Dateline: August 26, 2002

Enhanced External Counterpulsation (EECP) is a procedure that has proven beneficial in patients with angina. (Click here for a description of EECP, and its use in treating angina.)  Some have long speculated that the cardiovascular effects induced by EECP might also be useful for patients with heart failure. Now, a new study published in the July/August issue of Congestive Heart Failure suggests that EECP can indeed be helpful in patients with stable congestive heart failure. 

What is EECP? 

EECP is a mechanical procedure in which long inflatable cuffs (like blood pressure cuffs) are wrapped around both of the patient’s legs.

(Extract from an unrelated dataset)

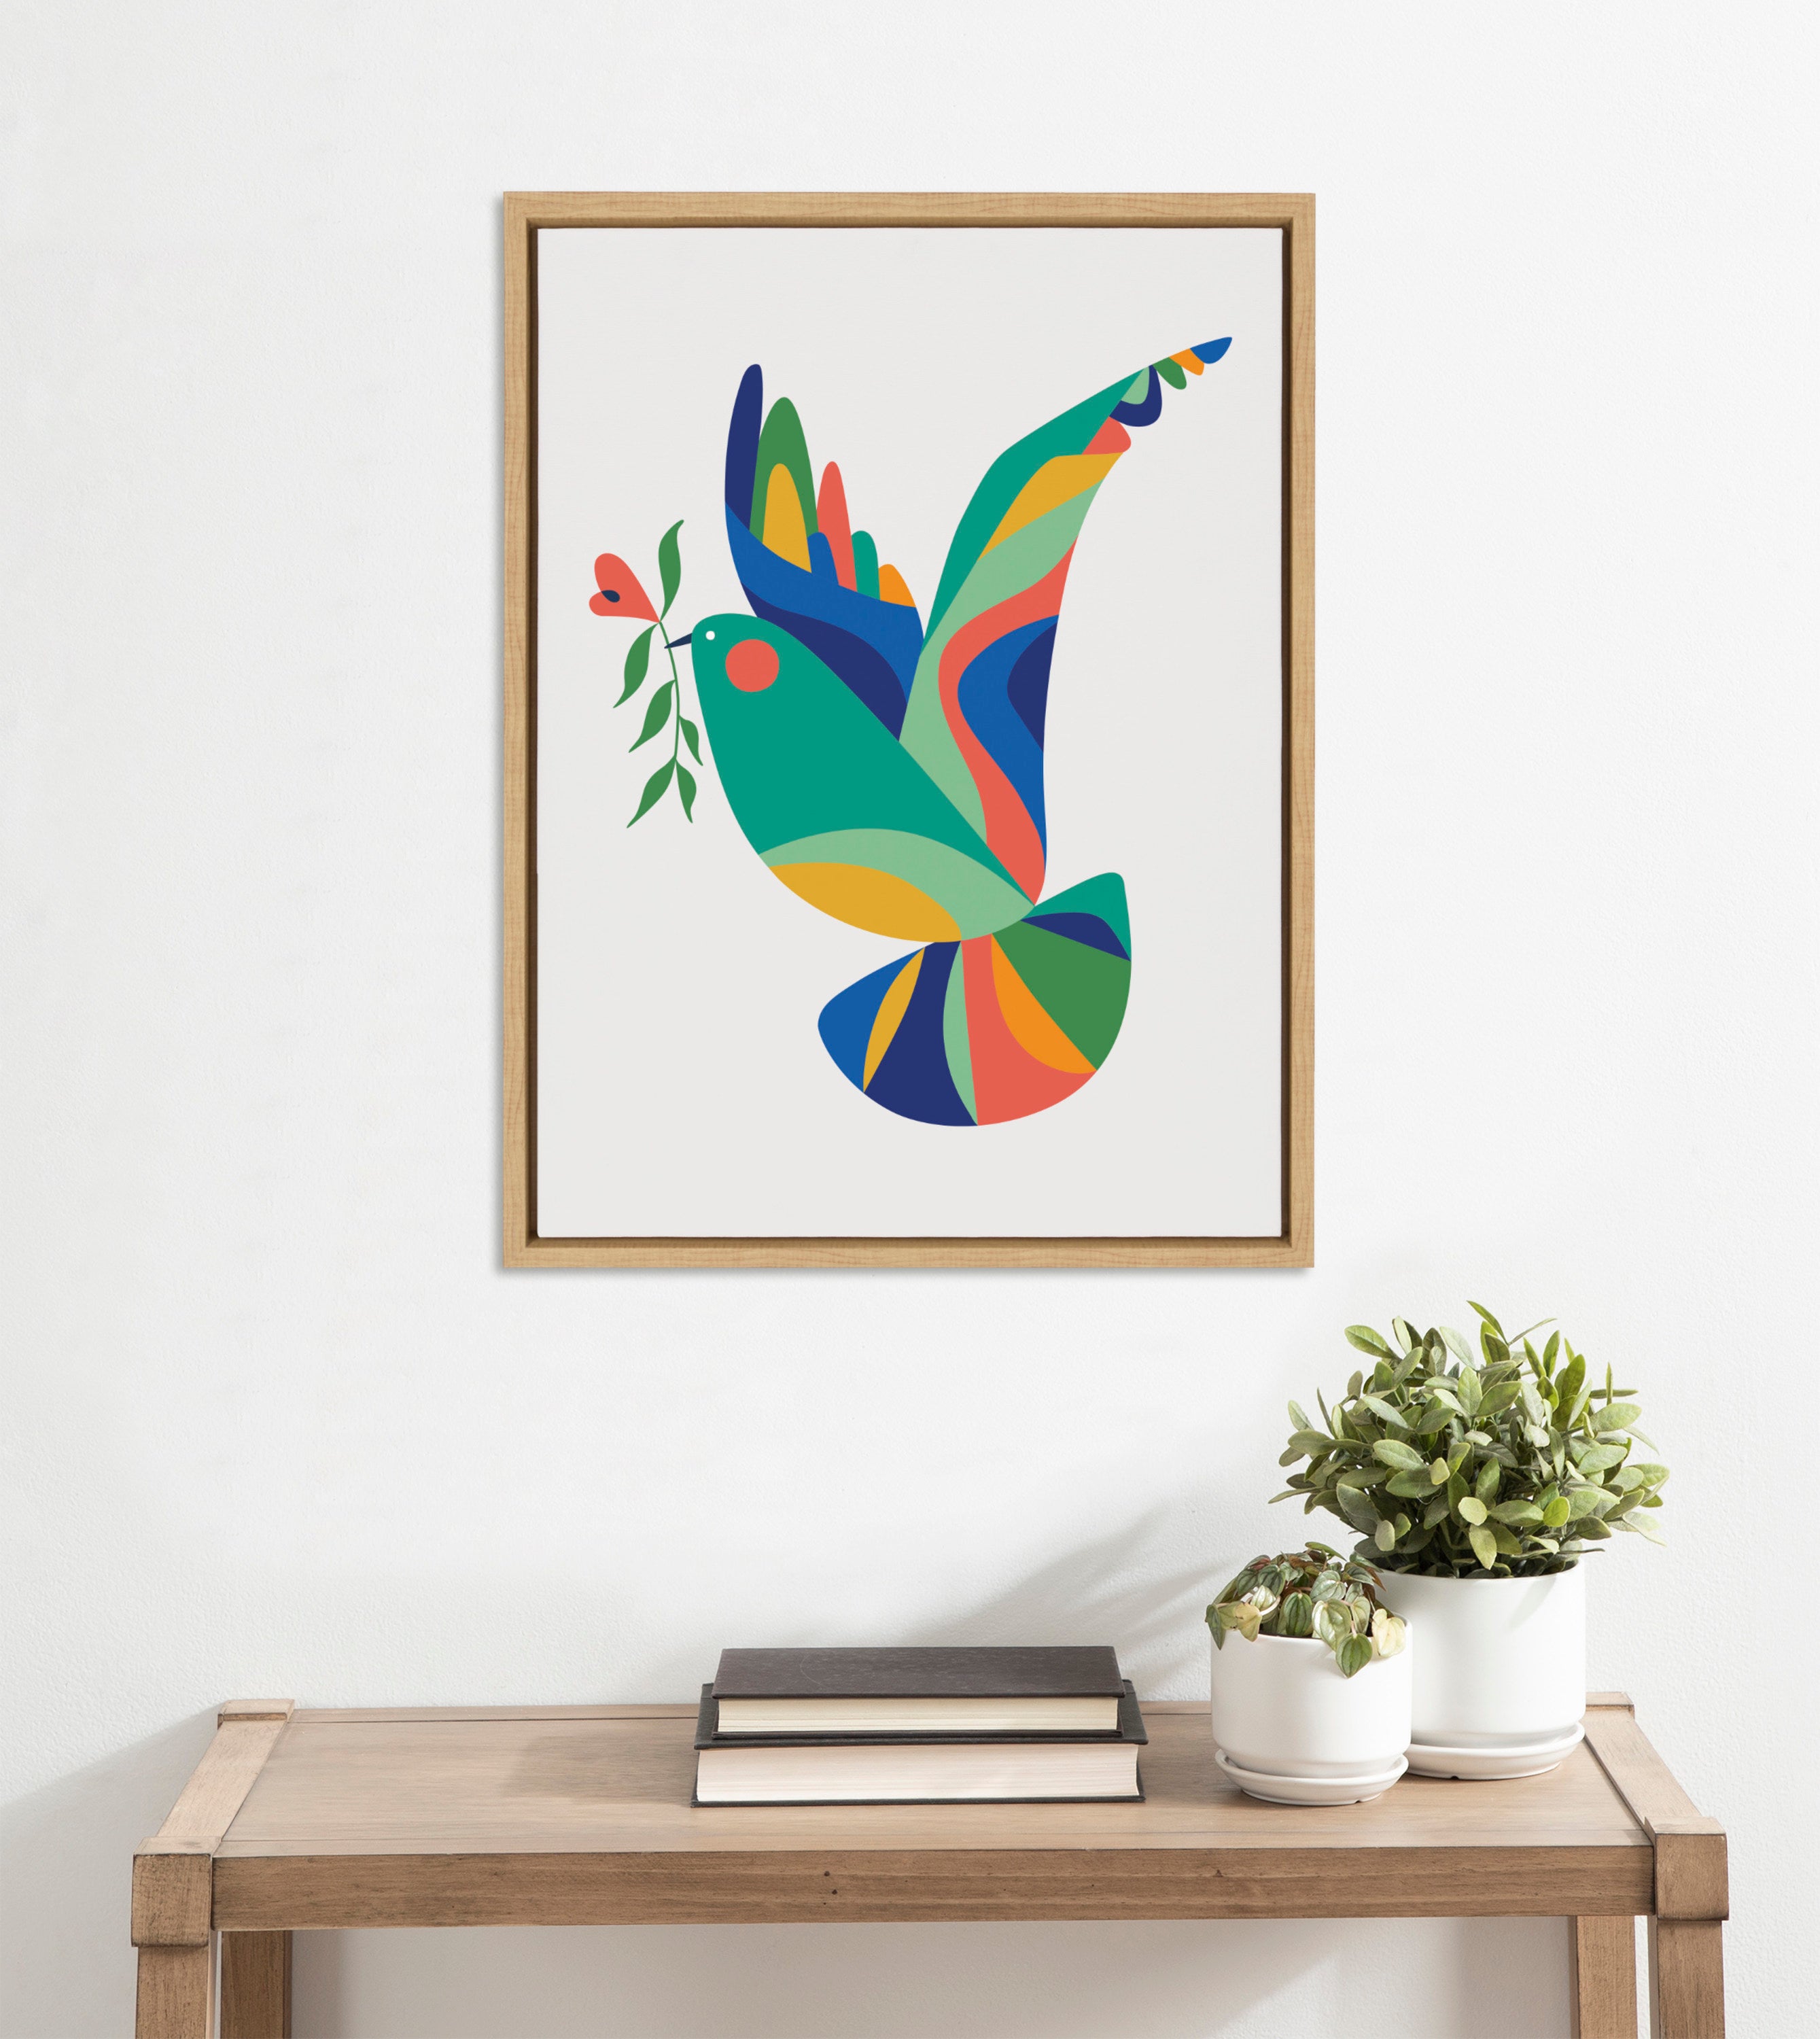 Sylvie Bird of Peace Framed Canvas by Rachel Lee of My Dream Wall

While the patient lies on a bed, the leg cuffs are inflated and deflated with each heartbeat. This is accomplished by means of a computer, which triggers off the patient’s ECG so that the cuffs deflate just as each heartbeat begins, and inflate just as each heartbeat ends. When the cuffs inflate they do so in a sequential fashion, so that the blood in the legs is “milked” upwards, toward the heart.

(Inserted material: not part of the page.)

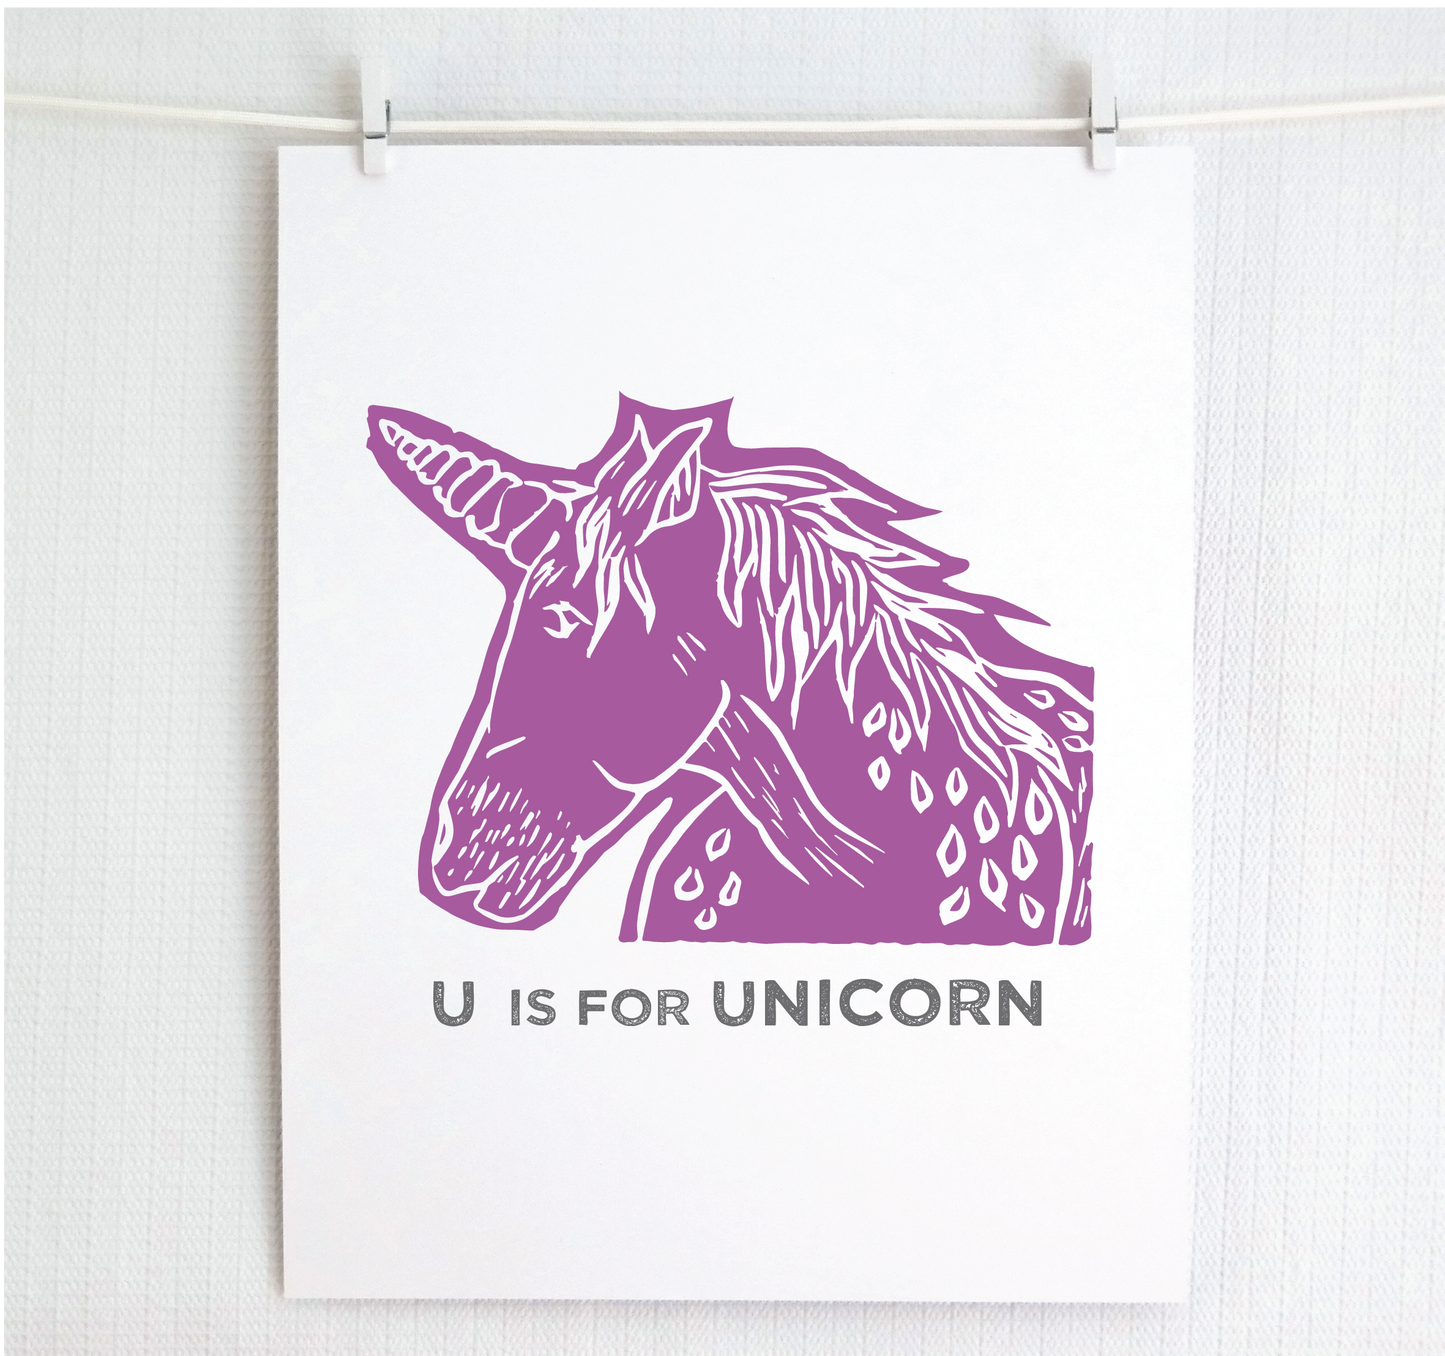 U is for Unicorn

EECP has two potentially beneficial actions on the heart. First, the milking action of the leg cuffs increases the blood flow to the coronary arteries. (The coronary arteries, unlike other arteries in the body, receive their blood flow after each heartbeat instead of during each heartbeat. EECP, effectively, “pumps” blood into the coronary arteries.) Second, by its deflating action just as the heart begins to beat, EECP creates something like a sudden vacuum in the arteries, which reduces the work of the heart muscle in pumping blood into the arteries.

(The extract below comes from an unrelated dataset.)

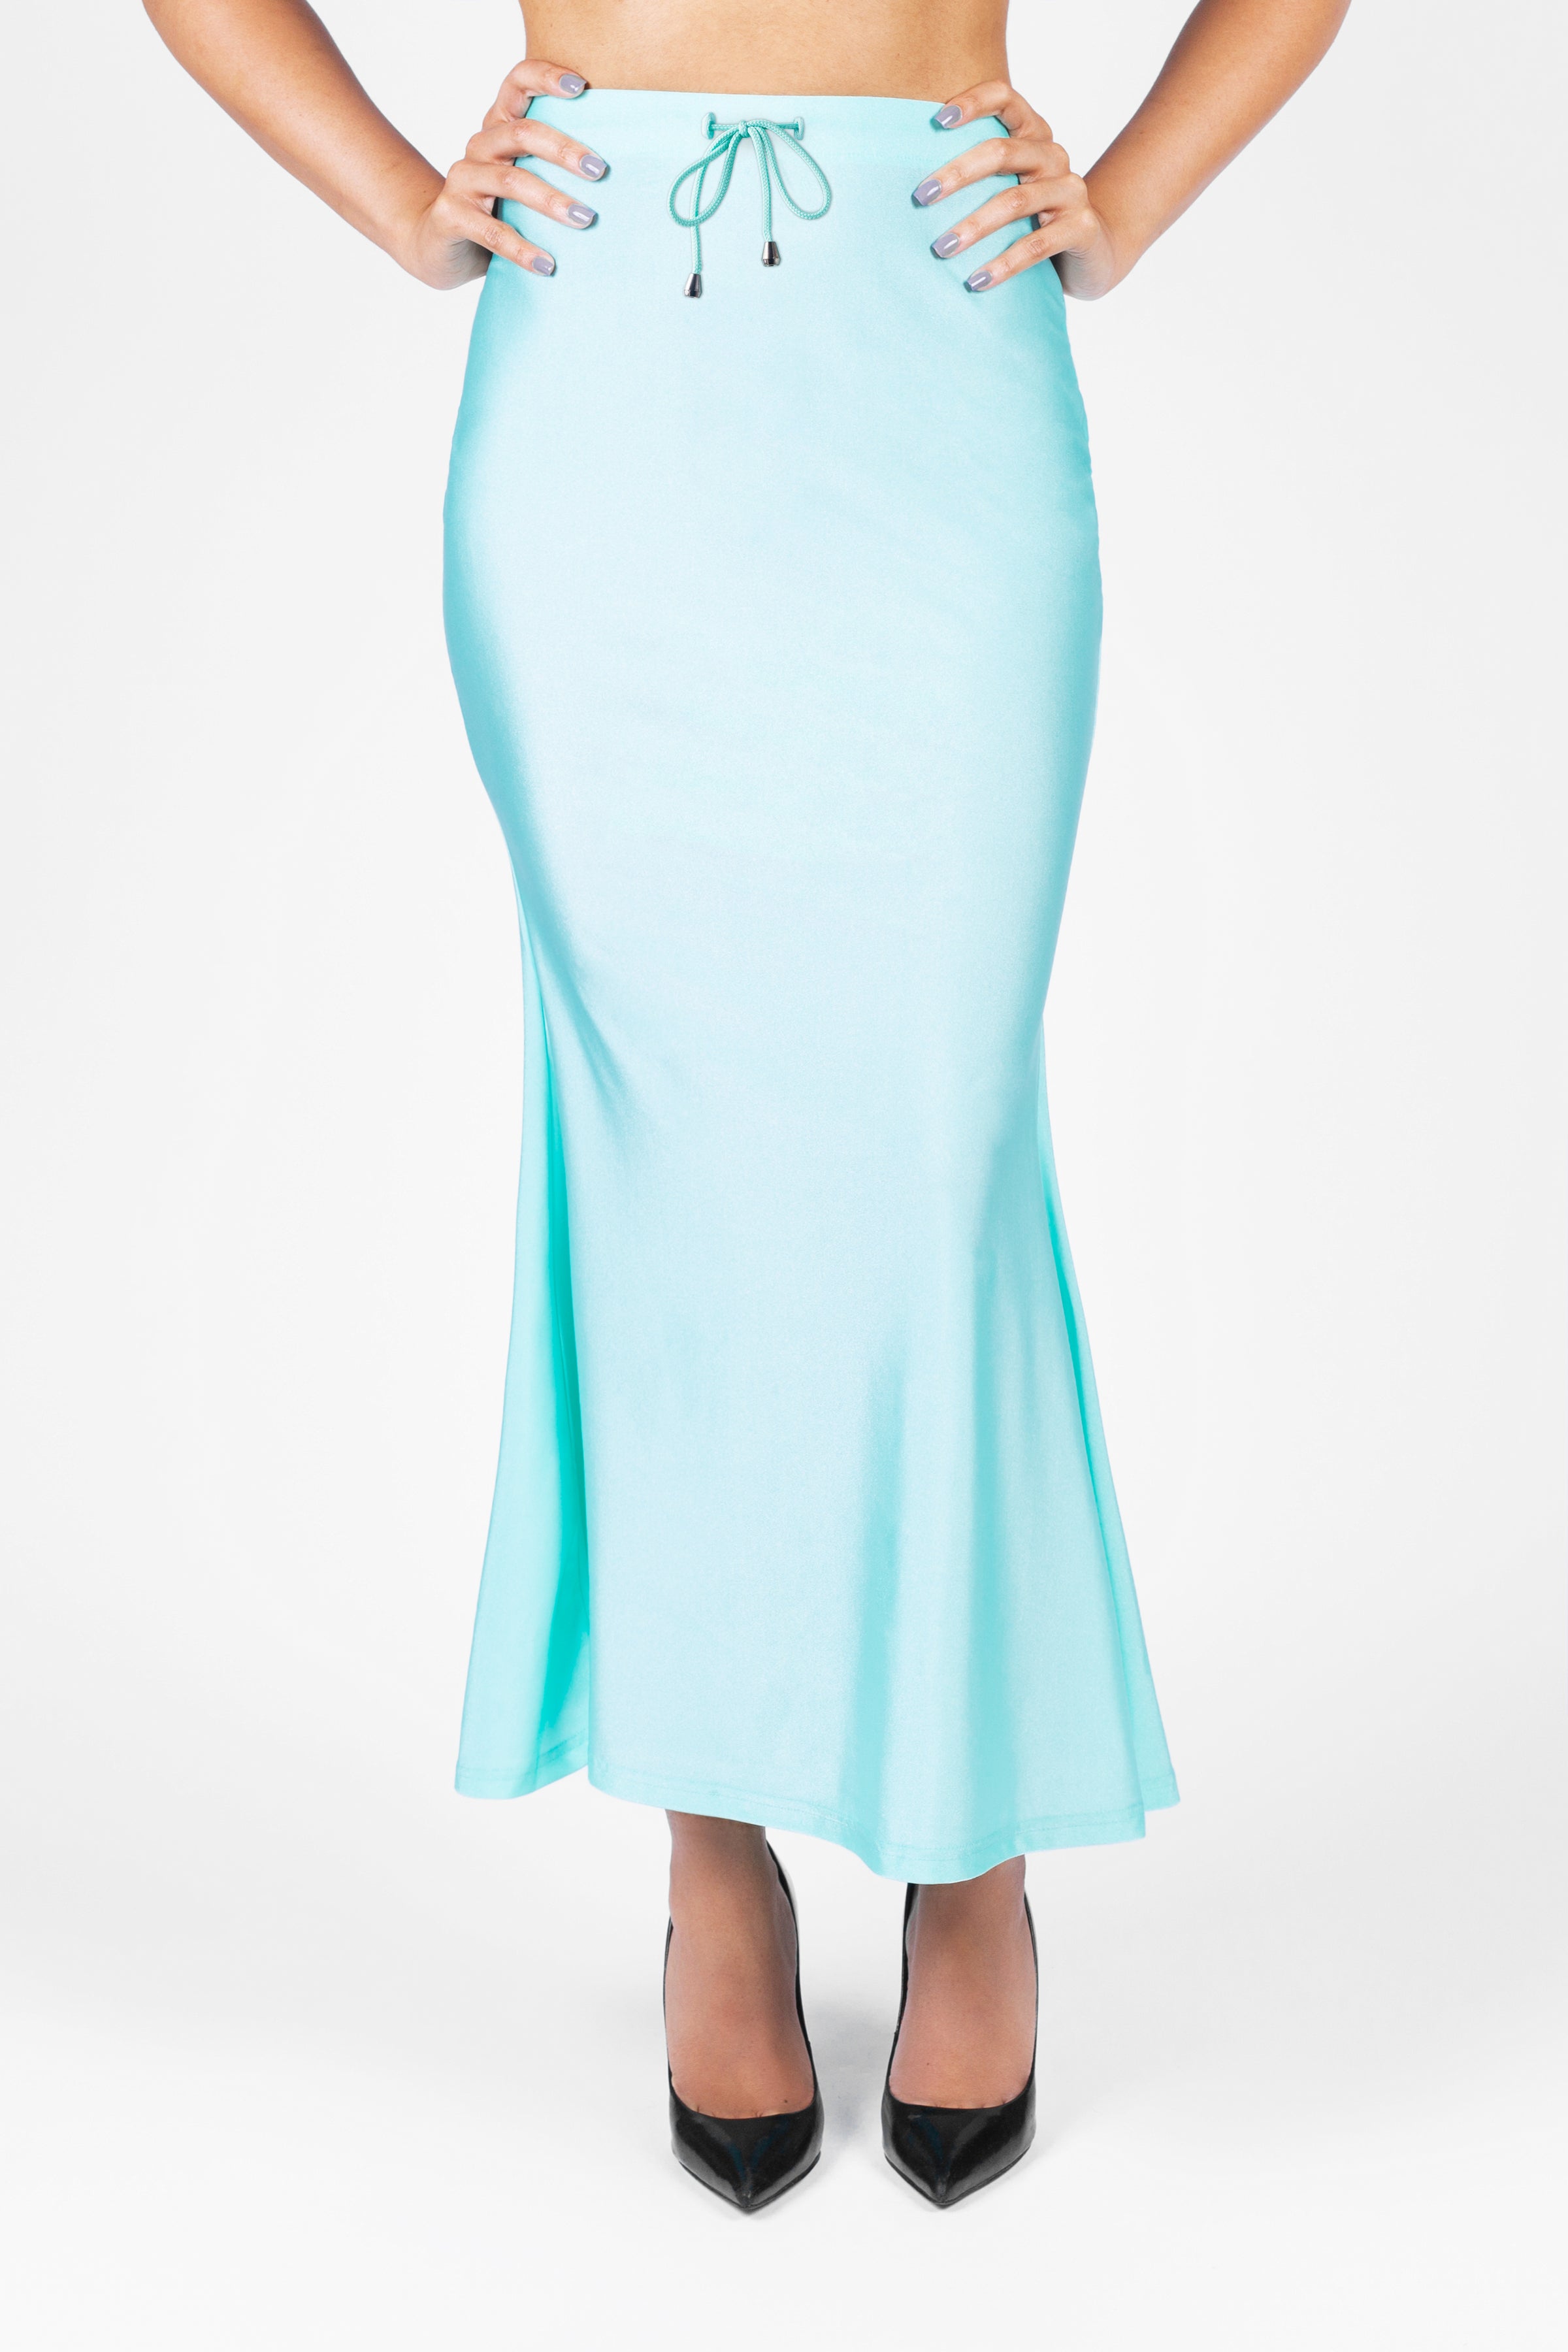 BLUE SAREE SHAPEWEAR Women's Stretchable Skirt Petticoat Lehanga Fabric  Craft Mermaid Skirt Sari Skirt Elasticated Petticoat Party Wear -   Ireland

EECP is administered as a series of outpatient treatments. Patients receive 5 one-hour sessions per week, for 7 weeks (for a total of 35 sessions). The 35 one-hour sessions are aimed at provoking long lasting beneficial changes in the circulatory system.

EECP in heart failure

In the new study, 26 patients with stable congestive heart failure were enrolled to receive a standard, 35 session course of EECP.  19 patients completed the EECP sessions and were followed for 6 months afterward.  These patients showed, on average, a significant improvement in their functional capacity and quality of life.  The authors point out, as well, that the EECP was well-tolerated in these patients. 

Since there were no control subjects in this small study, no firm conclusions can be drawn about how useful EECP might be in treating heart failure.  But the study was impressive enough to launch a larger, randomized clinical trial (the Prospective Evaluation of EECP in Congestive Heart Failure - PEECH - trial,) that should provide more definitive data on how well EECP might benefit patients with heart failure.  The PEECH trial has already begun.

Despite the fact that the potential benefits of EECP in heart failure are still being evaluated, the FDA was sufficiently convinced of these benefits that it cleared the makers of the EECP system (Vasomedical) to begin promoting EECP for heart failure.

Most cardiologists have not embraced the use of EECP for heart failure, quite justifiably citing the need for larger clinical trials.  However, since (as we have previously pointed out) cardiologists don't like EECP even when it is of proven benefit, patients with heart failure who are interested in this treatment option should watch for results of the PEECH trial, and if they prove positive, should take the initiative in bringing up the option of EECP to their doctors.